Already have Obsidian, a wiki, CLAUDE.md files, or a custom KB? lore doesn't replace any of that. It sits underneath as the capture + compilation engine.
Layer 1: lore entries ← raw facts/decisions (captured automatically)
↓
Layer 2: compiled summary ← LLM-synthesized, ~150 lines (AI reads this)
↓
Layer 3: your full articles ← human-maintained, has the story + context (you read this)
Layer 2 doesn't replace Layer 3. The compiled summary is what the AI reads at session start — concise, current, actionable. Your full articles keep the narrative: why decisions were made, what was tried, the chronological story of how a project evolved.
| Before lore | With lore | |
|---|---|---|
| Capture | Stop working, open notes, write something | Automatic — lore captures during conversation |
| AI context | You maintain CLAUDE.md by hand | lore compiles a summary the AI reads automatically |
| Your articles | You manually update everything | Lighter updates — just add new narrative. lore handles the summary. |
| Search | Open Obsidian, Cmd+F, browse pages | lore search "query" — instant, cross-project, structured |
| Staleness | Nobody knows if old notes are still accurate | lore status flags facts older than 30 days |
- Your Obsidian vault — lore's compiled markdown works as an Obsidian vault. Open
~/.lore/compiled/alongside your existing vault. - Your full articles — session notes, decision narratives, historical context stay yours. lore supplements, not supplants.

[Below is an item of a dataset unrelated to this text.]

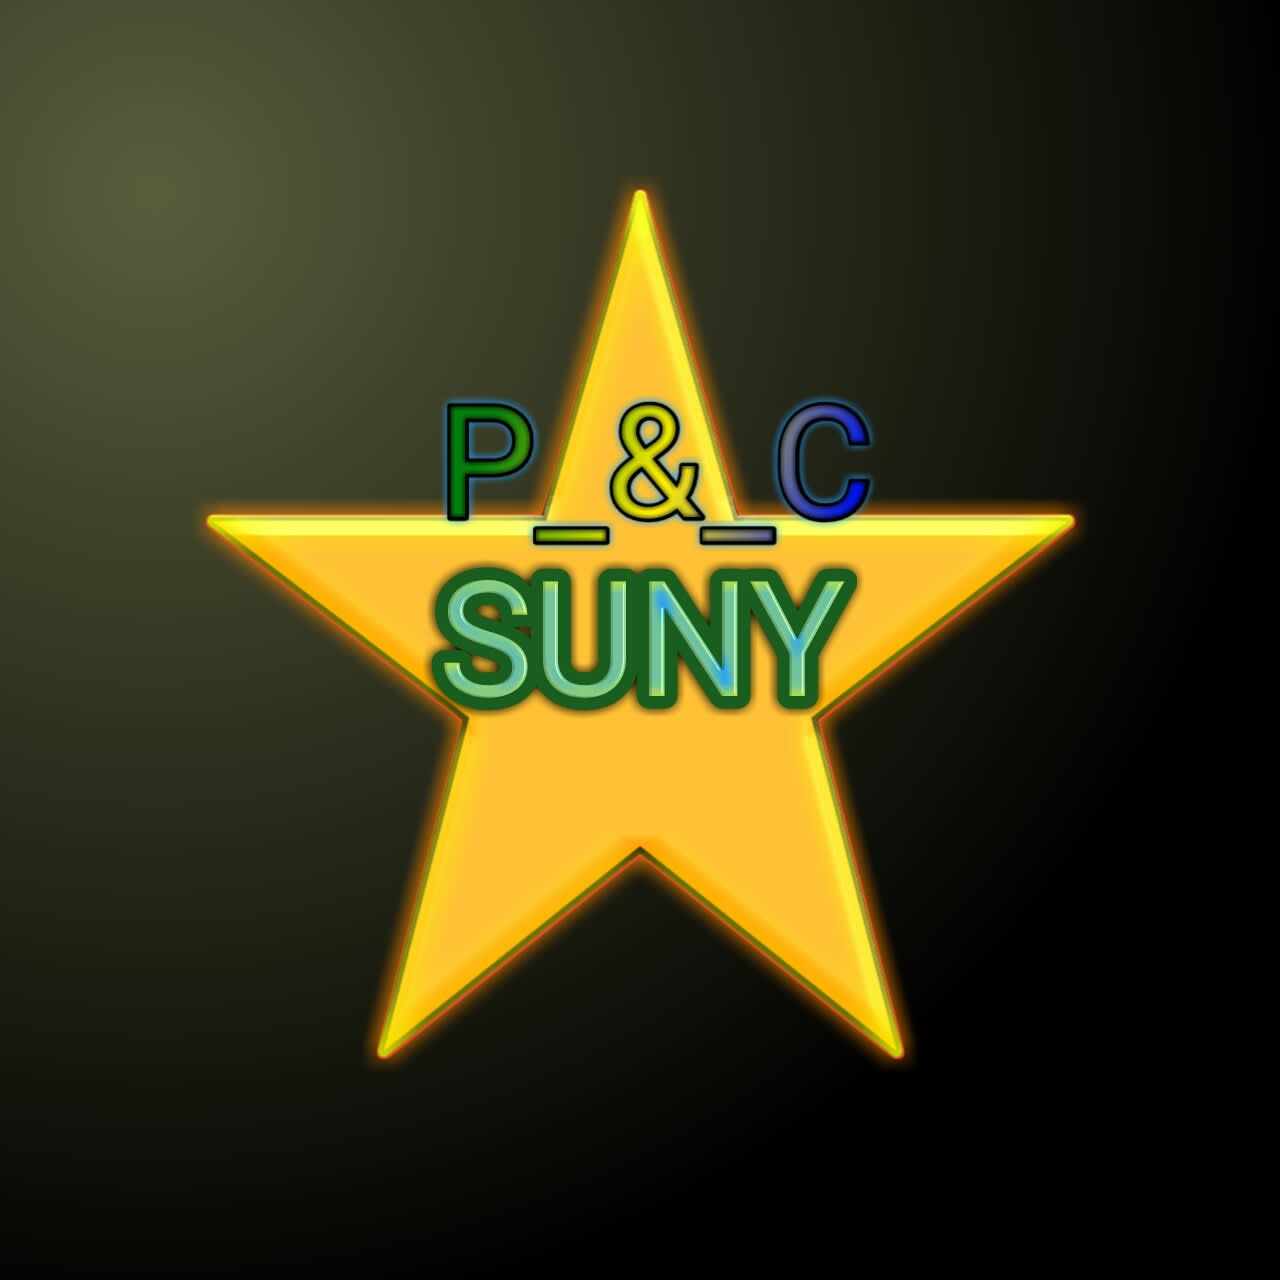 Suny P&C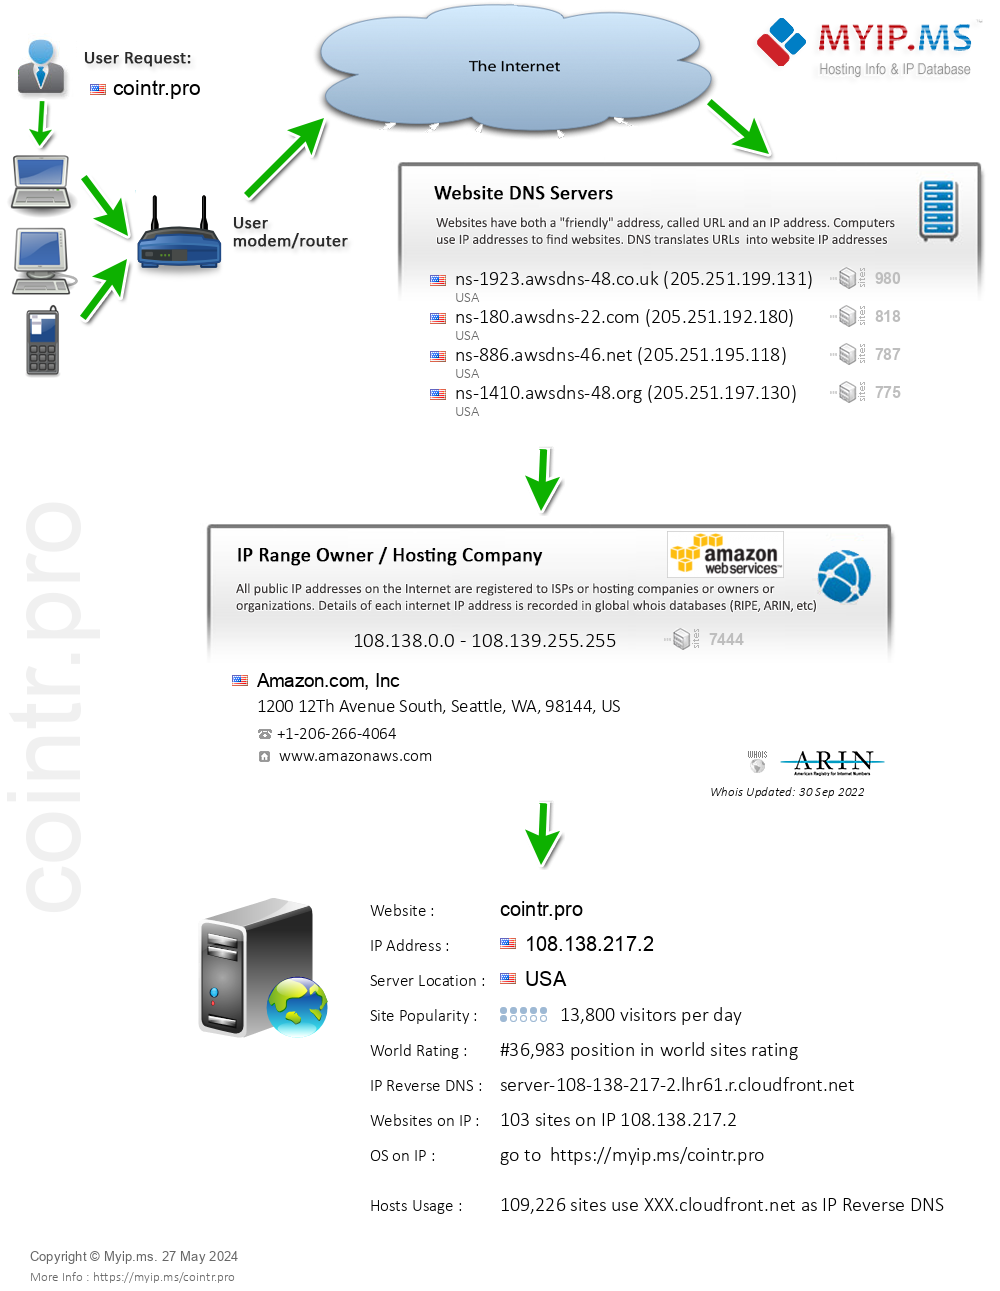 Cointr.pro - Website Hosting Visual IP Diagram

- Your domain knowledge — concepts, frameworks, reference material that isn't project-specific. lore is for project knowledge, not encyclopedias.
- Your raw source docs — PDFs, screenshots, email threads. lore captures from conversations, not files.

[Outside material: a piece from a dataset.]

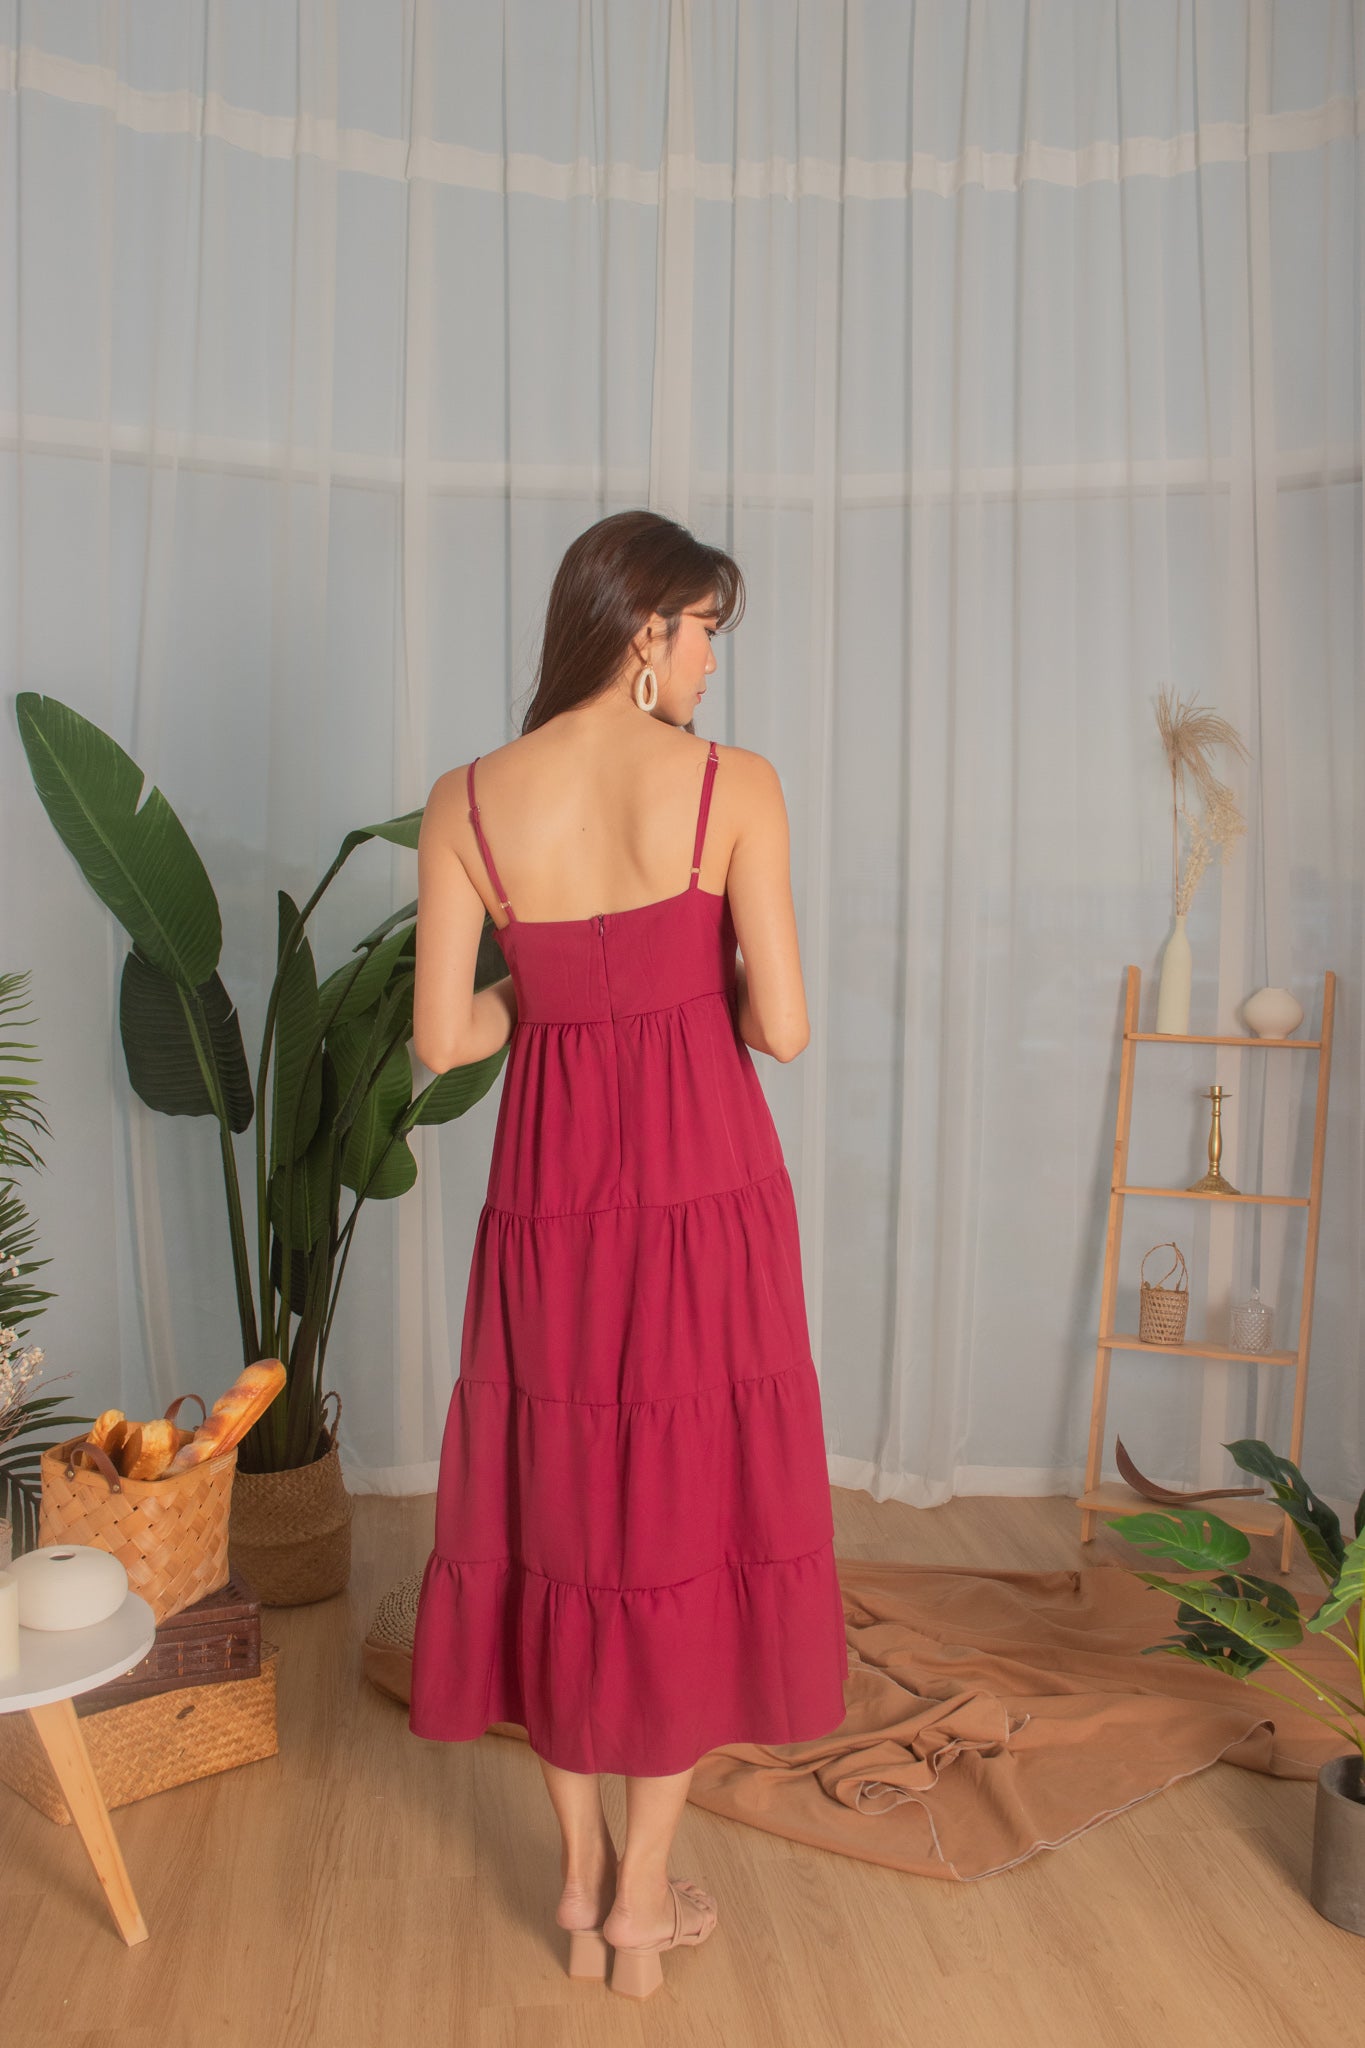 *PREMIUM* - Joeylia Tiered Maxi Dress in Dark Magenta Red- Self Manufactured by LBRLABEL

lore is early and we need help with:
- MCP integrations — Cursor, Codex, OpenCode support
- Compile patterns — custom templates for different article styles
- Offline compilation — better structured templates without LLM
- Testing — more edge-case coverage
- Docs — tutorials, blog posts, translations
See CONTRIBUTING.md and the issues for specific tasks.
Apache License 2.0 — free for any use, including commercial. No telemetry. No phone-home. Your knowledge stays on your machine.
Built by Swathi because she kept closing terminals and losing a week's context.